# Contents

Paul J. McMurdie and Susan Holmes

mcmurdie@stanford.edu

If you find phyloseq and/or its tutorials useful, please acknowledge and cite phyloseq in your publications:

phyloseq: An R package for reproducible interactive analysis and graphics of microbiome census data (2013) PLoS ONE 8(4):e61217 http://dx.plos.org/10.1371/journal.pone.0061217

# 1 Other resources

The phyloseq project also has a number of supporting online resources, most of which can by found at the phyloseq home page, or from the phyloseq stable release page on Bioconductor.

To post feature requests or ask for help, try the phyloseq Issue Tracker.

# 2 The experimental data used in this example

In this example I use the publicly available data from a study on colorectal cancer:

Genomic analysis identifies association of Fusobacterium with colorectal carcinoma. Kostic, A. D., Gevers, D., Pedamallu, C. S., Michaud, M., Duke, F., Earl, A. M., et al. (2012). Genome research, 22(2), 292-298.

As a side-note, this work was published ahead of print in Genome Research alongside a highly-related article from a separate group of researchers (long-live reproducible observations!): Fusobacterium nucleatum infection is prevalent in human colorectal carcinoma. In case you are interested. For the purposes of example, however, we will stick to the data from the former study, with data available at the microbio.me/qiime server.

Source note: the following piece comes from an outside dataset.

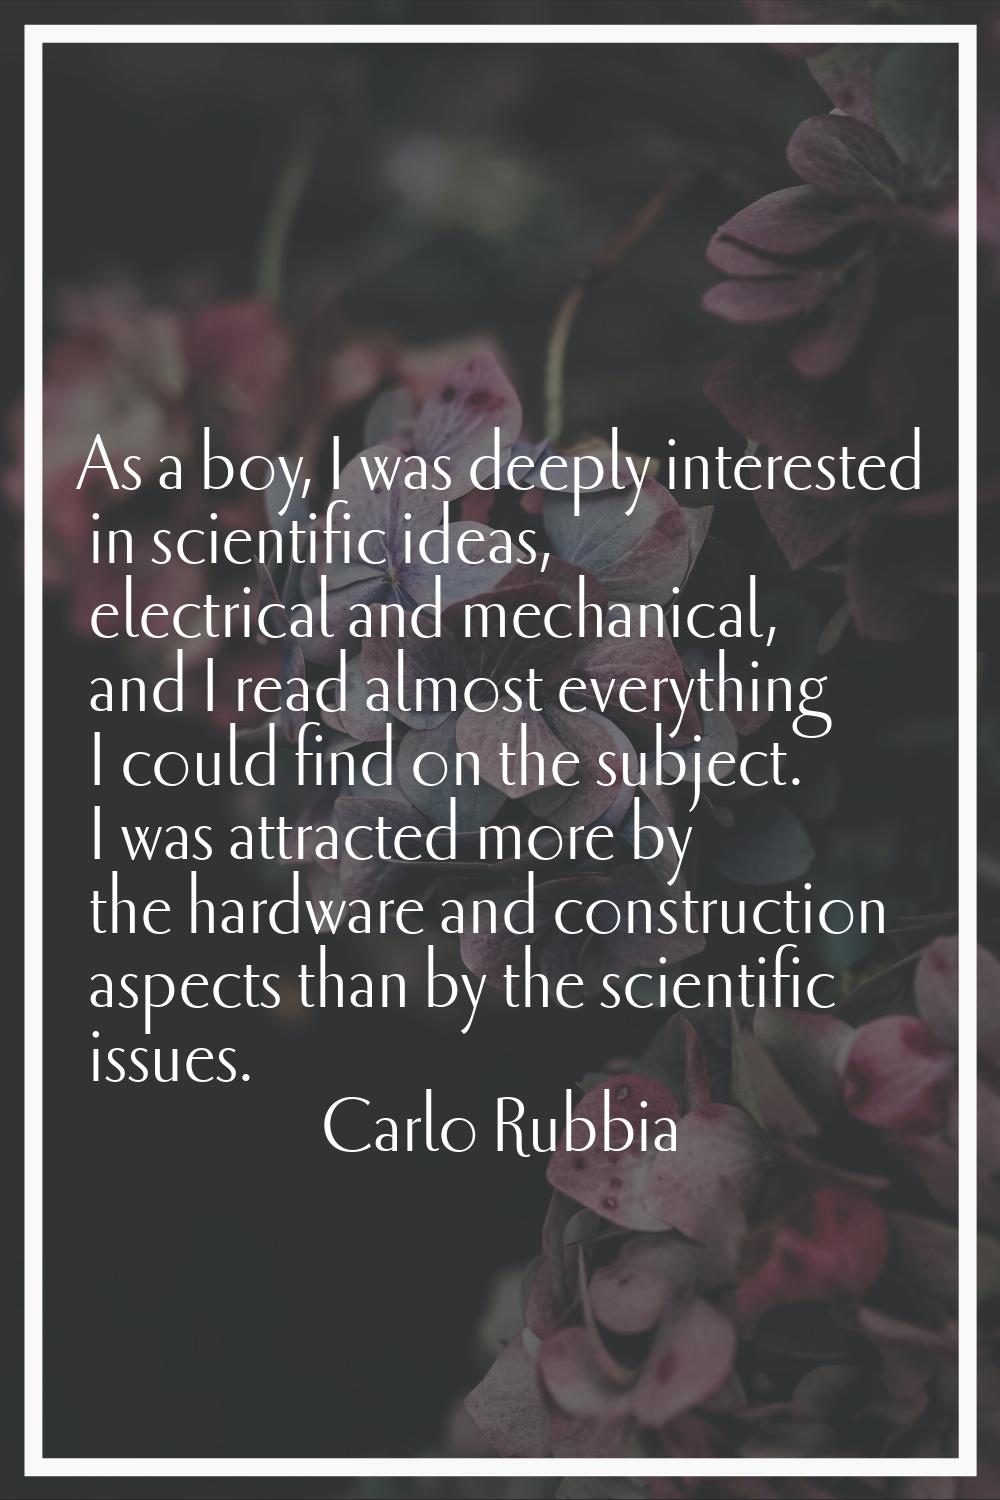 As a boy, I was deeply interested in scientific ideas, electrical and mechanical, and I read almost

Data source, from methods section in article:

The 16S gene data set consists of 454 FLX Titanium sequences spanning the V3 to V5 variable regions obtained for 190 samples (95 pairs). Detailed protocols used for 16S amplification and se- quencing are available on the HMP Data Analysis and Coordination Center website (http://www.hmpdacc.org/tools_protocols/tools_ protocols.php).

Study ID: 1457

Project Name: Kostic_colorectal_cancer_fusobacterium

Study Abstract:

The tumor microenvironment of colorectal carcinoma is a complex community of genomically altered cancer cells, nonneoplastic cells, and a diverse collection of microorganisms. Each of these components may contribute to carcino genesis; however, the role of the microbiota is the least well understood. We have characterized the composition of the microbiota in colorectal carcinoma using whole genome sequences from nine tumor/normal pairs. Fusobacterium sequences were enriched in carcinomas, confirmed by quantitative PCR and 16S rDNA sequence analysis of 95 carcinoma/normal DNA pairs, while the Bacteroidetes and Firmicutes phyla were depleted in tumors. Fusobacteria were also visualized within colorectal tumors using FISH. These findings reveal alterations in the colorectal cancer microbiota; however, the precise role of Fusobacteria in colorectal carcinoma pathogenesis requires further investigation.

# 3 Import data with phyloseq, convert to DESeq2

library("phyloseq"); packageVersion("phyloseq")
## [1] '1.25.0'

Defined file path, and import the published OTU count data into R.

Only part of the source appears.